Нарушая все правила техники безопасности, доведенные до меня главным инженером, я без всякого сопровождения, без собаки, вооруженный гладкоствольным двуствольным ружьем двадцатого калибра, топором и ножом, самонадеянно полагаясь на свою энергию и сметливость, приступил к таксации.

Отойдя метров на сто от ночлега, я провел таксационное описание насаждения, в котором ночевал, и пошел далее вблизи Иксы. Речка текла в каньоне, образованном огромными деревьями, расширяясь на плесах. Я впервые видел такое большое скопление северных уток, плотными стаями перелетающих с плеса на плес. Добывать их не было смысла, когда в этом приречном лесу водится много рябчиков, которых сумею взять с пяток к вечеру. Они уже начали посвистывать, включая свою деликатную музыку в дребезжащее карканье кедровок, наверху, в кронах кедра, заготавливавших орехи на зиму.

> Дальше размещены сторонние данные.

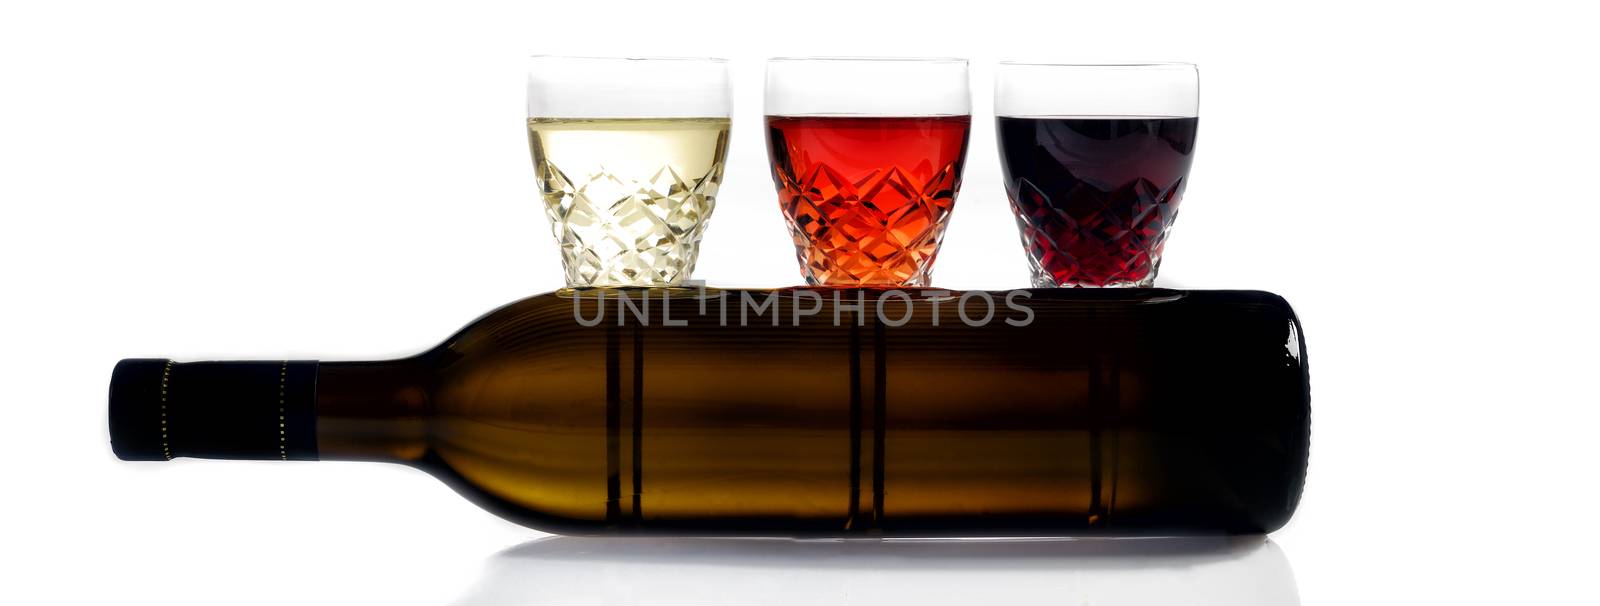 Three glasses of wine, glass, white wine, red wine, rose wine, white background, bottle of wine by jalonsohu@gmail.com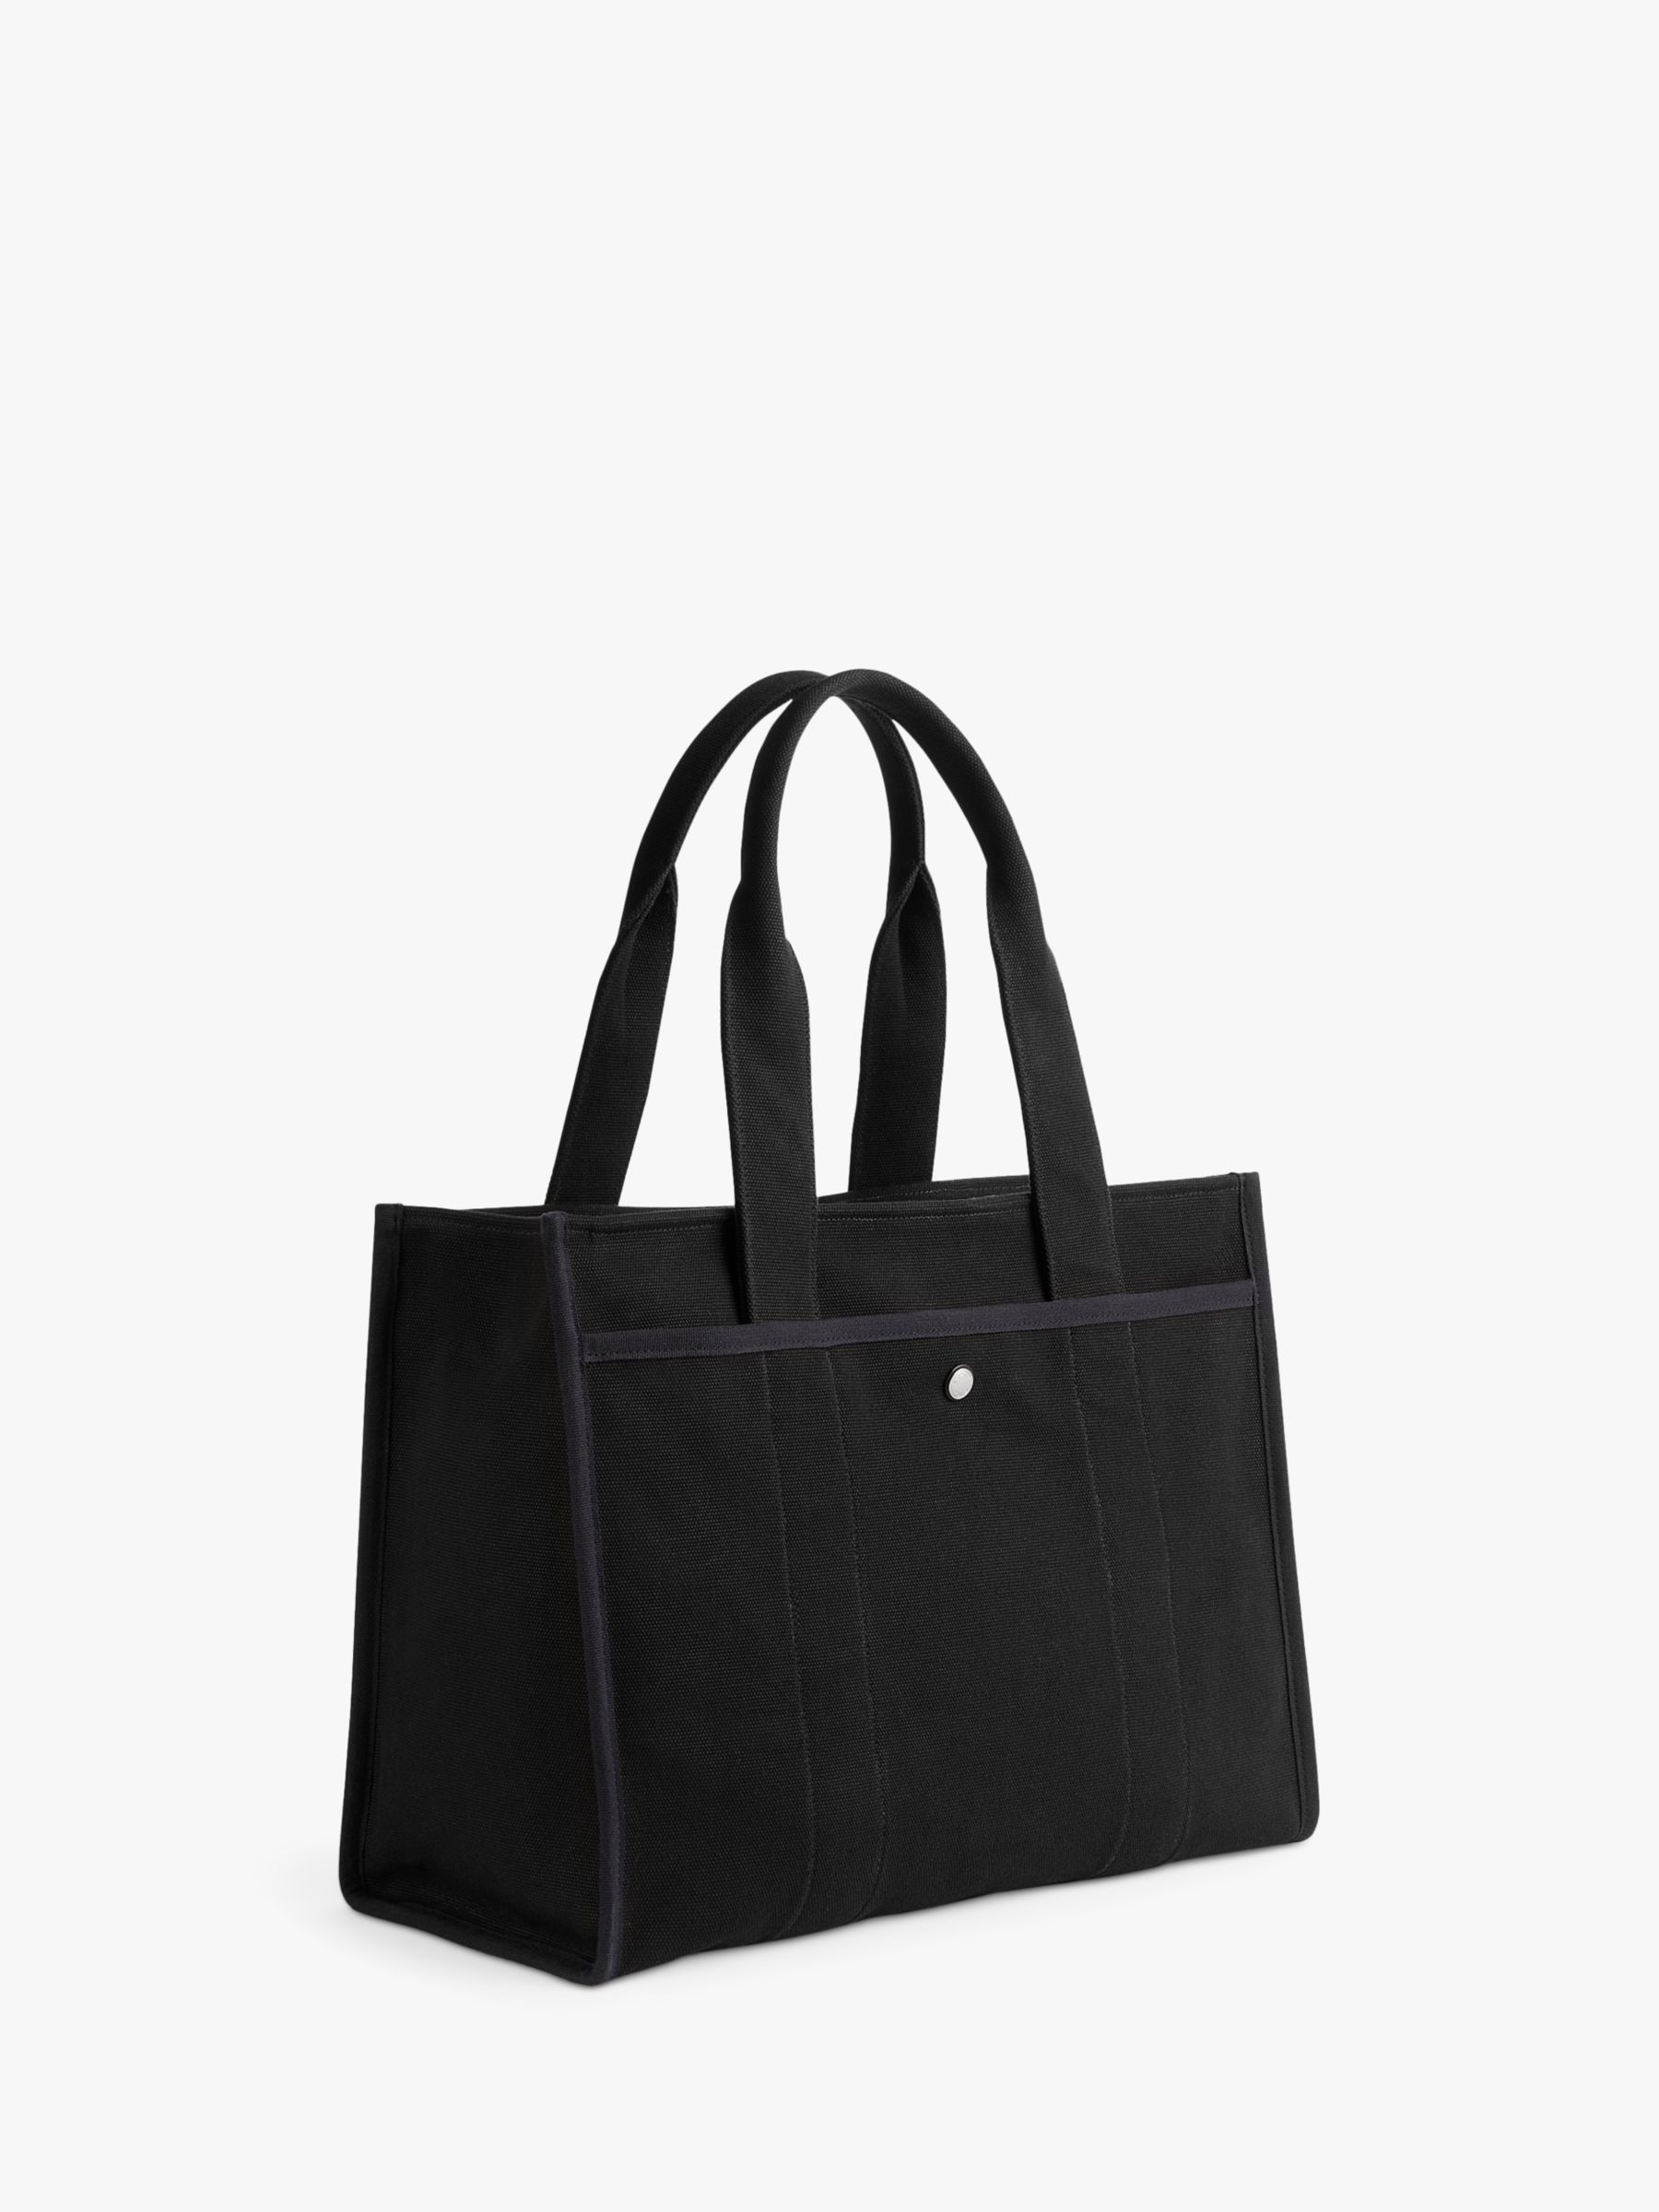 Buy Coach Cargo Large Tote Bag, Black Online at johnlewis.com

Не отвлекаясь на постороннее, я побрел от речки в глубь массива. Метров через триста я опять описал выдел, после повернул на восток и далее шел километра три, пока не уперся в горельник, покрытый березой и осиной лет сорока. На аэроснимке он выглядел как большая площадь сомкнутого молодняка. Однако под пологом крон скрывались завалы хвойных деревьев, возникшие после пожара. Оценив, что на его обход затрачу много времени, я решил пройти горельник напрямую. И я побрел. Вначале можно было идти без особых препятствий, а метров через сто начались замшелые деревья, лежавшие хаотично друг на друге, с вывороченными корнями и давно высохшими крупными сучьями. Таких буреломов я не встречал на севере. Мне пришлось их переползать, хватаясь за тонкий молодняк лиственных пород, возвышавшийся над бревнами. И только где-то через два часа я кое-как выкарабкался из этого лесного бурелома. Записав таксационную характеристику пройденного насаждения, я еще долго сидел на валежнике, соображая: а что могло бы случиться, если бы я подвернул ногу? Со мной же нет сопровождающего. Я ничего не ответил себе, а только как-то неловко вздрогнул, поднялся и углубился в тайгу.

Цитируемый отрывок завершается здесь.